Pergunta

I'm trying to sort a collection of documents based on a field which is a field of a subdocument's subdocument.

Here's a very simplified version of my documents:

{
  "_id": ObjectId("536900cdb4f805efff8b075b"),
  "name": "el1",
  "versions": [{
    "releases": [{
      "rd": ISODate("2064-05-05T15:36:10.098Z")
    }, {
      "rd": ISODate("2014-05-01T16:00:00Z")
    }]
  }, {
    "releases": [{
      "rd": ISODate("2064-05-04T15:36:10.098Z")
    }, {
      "rd": ISODate("2014-05-01T14:00:00Z")
    }]
  }]
}, {
  "_id": ObjectId("536900f2b4f805efff8b075c"),
  "name": "el2",
  "versions": [{
    "releases": [{
      "rd": ISODate("2064-05-05T15:36:10.098Z")
    }, {
      "rd": ISODate("2014-05-01T17:00:00Z")
    }]
  }]
}

As you can see each document might have subdocuments named version and each version might have multiple subdocuments named release. I'd like to sort the main documents based on the rd field while excluding from the sort calculation all dates which are greater than a year from now. I don't care about sorting the subdocuments within the main document.

i.e. ISODate("2064-05-05T15:36:10.098Z") should be ignored because too far away while ISODate("2014-05-01T16:00:00Z") is good. By "ignore" I mean: don't use that value in the sort calculation, and not: remove that document from the result.

I have tried several ways including map-reduce and aggregation framework but failed miserably.

This should be the output of a successful sort:

{
  "_id": ObjectId("536900f2b4f805efff8b075c"),
  "name": "el2",
  "versions": [{
    "releases": [{
      "rd": ISODate("2064-05-05T15:36:10.098Z")
    }, {
      "rd": ISODate("2014-05-01T17:00:00Z")
    }]
  }]
}, {
  "_id": ObjectId("536900cdb4f805efff8b075b"),
  "name": "el1",
  "versions": [{
    "releases": [{
      "rd": ISODate("2064-05-05T15:36:10.098Z")
    }, {
      "rd": ISODate("2014-05-01T16:00:00Z")
    }]
  }, {
    "releases": [{
      "rd": ISODate("2064-05-04T15:36:10.098Z")
    }, {
      "rd": ISODate("2014-05-01T14:00:00Z")
    }]
  }]
}
Foi útil?

Solução

Please find two solutions to your question in the test case below.
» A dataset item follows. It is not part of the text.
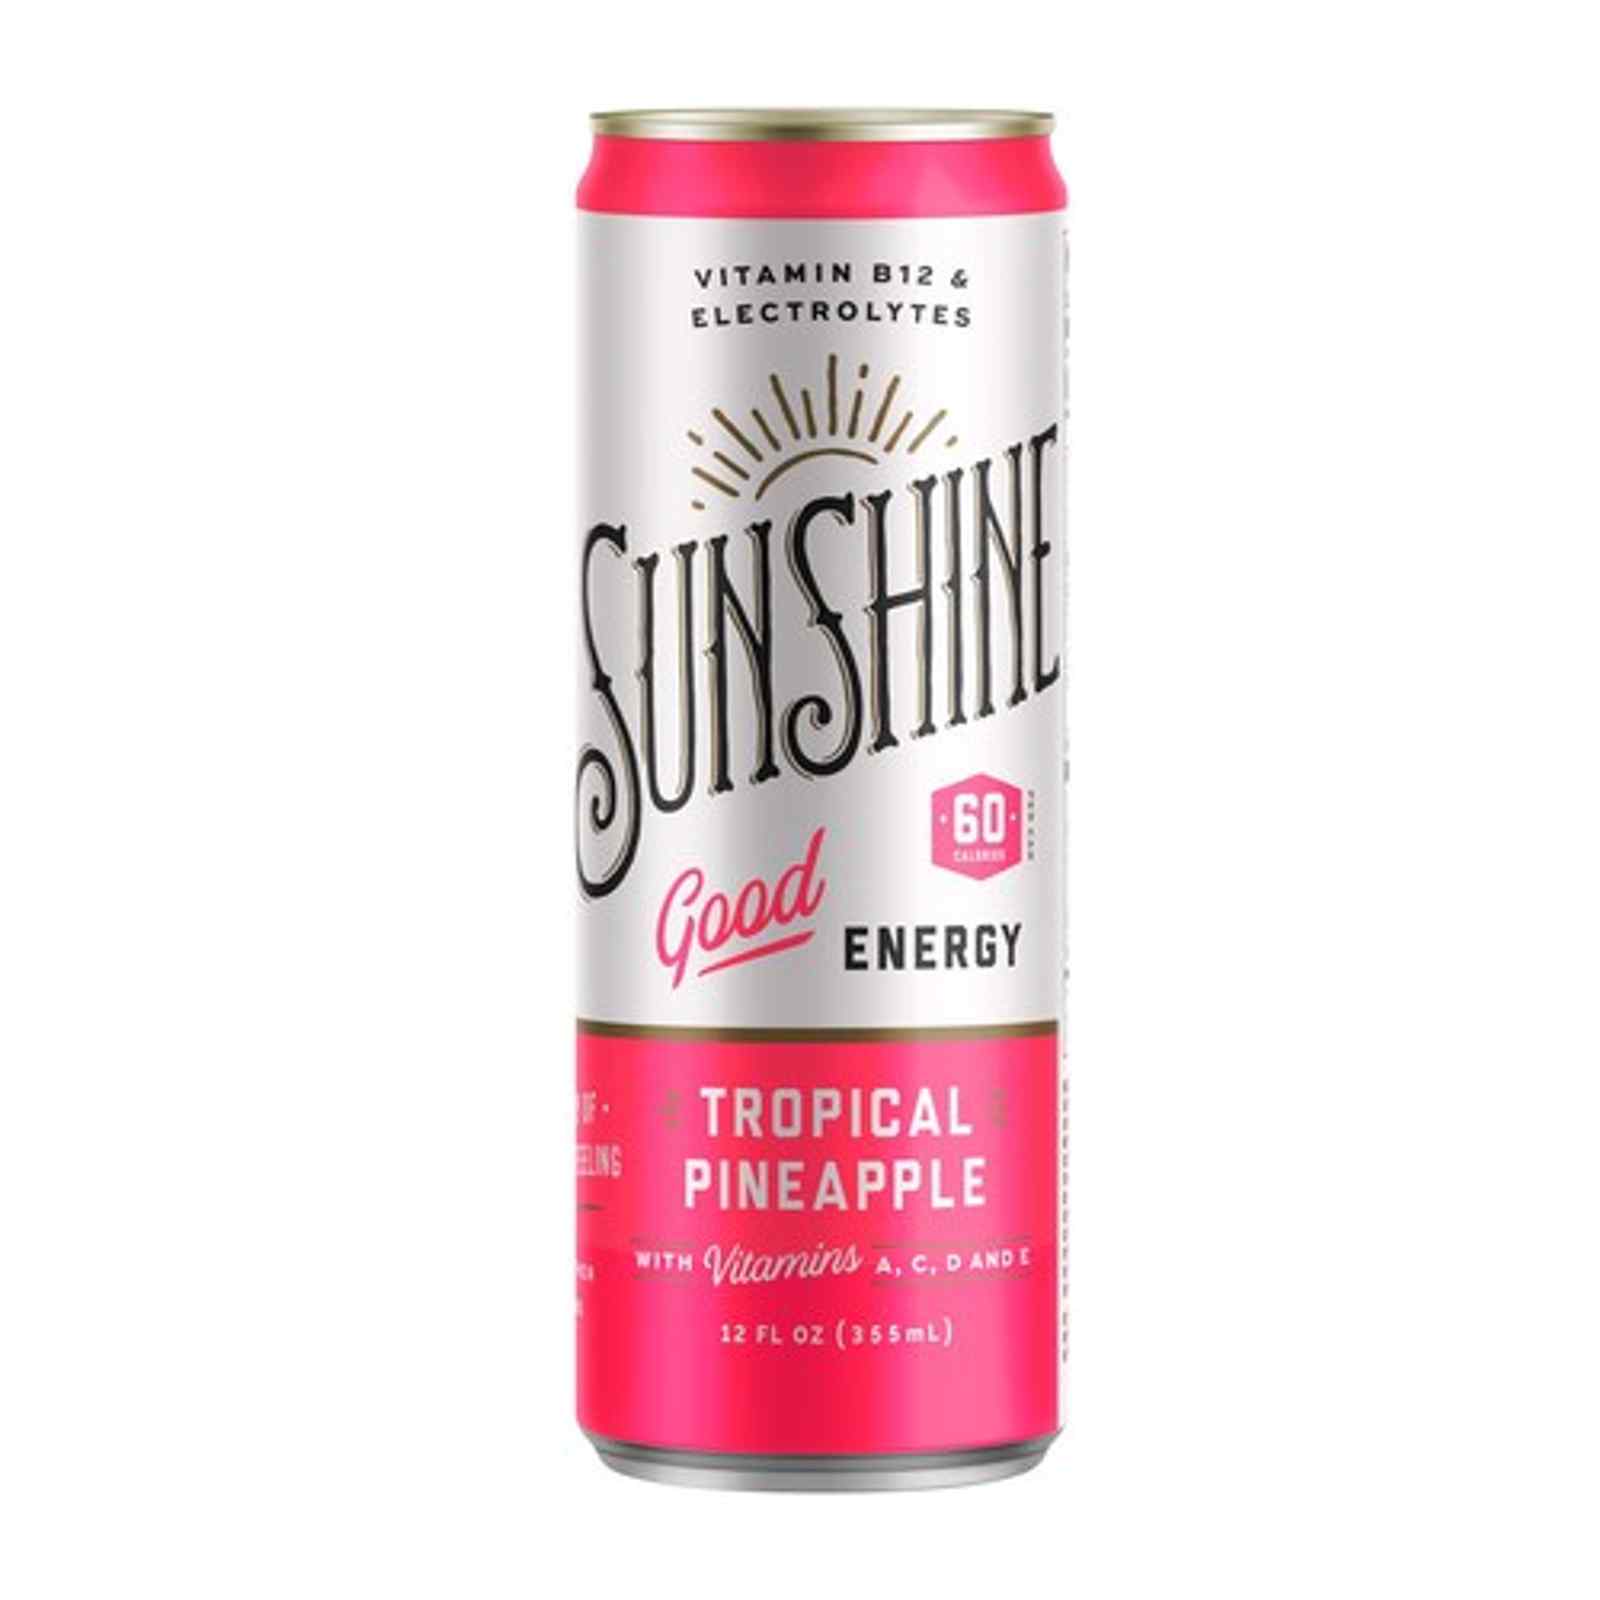 Sunshine Beverages Launches New Tropical Pineapple Sparkling Energy Drink; Expands Nationwide

The first solution uses the MongoDB aggregation framework. For each document, sort keys are projected out of the rd values based on your time limit. The nested sort-key structure is reduced by unwinding twice followed by grouping for the max sort key. After sorting the docs, the last 'project' stage removes the sort keys. The second solution sorts on the client side. For efficiency, it processes each doc to determine the sort key and merges it in. After sorting the docs, it deletes the sort key out of each doc. You can eliminate the removal of the sort keys if their presence is tolerable.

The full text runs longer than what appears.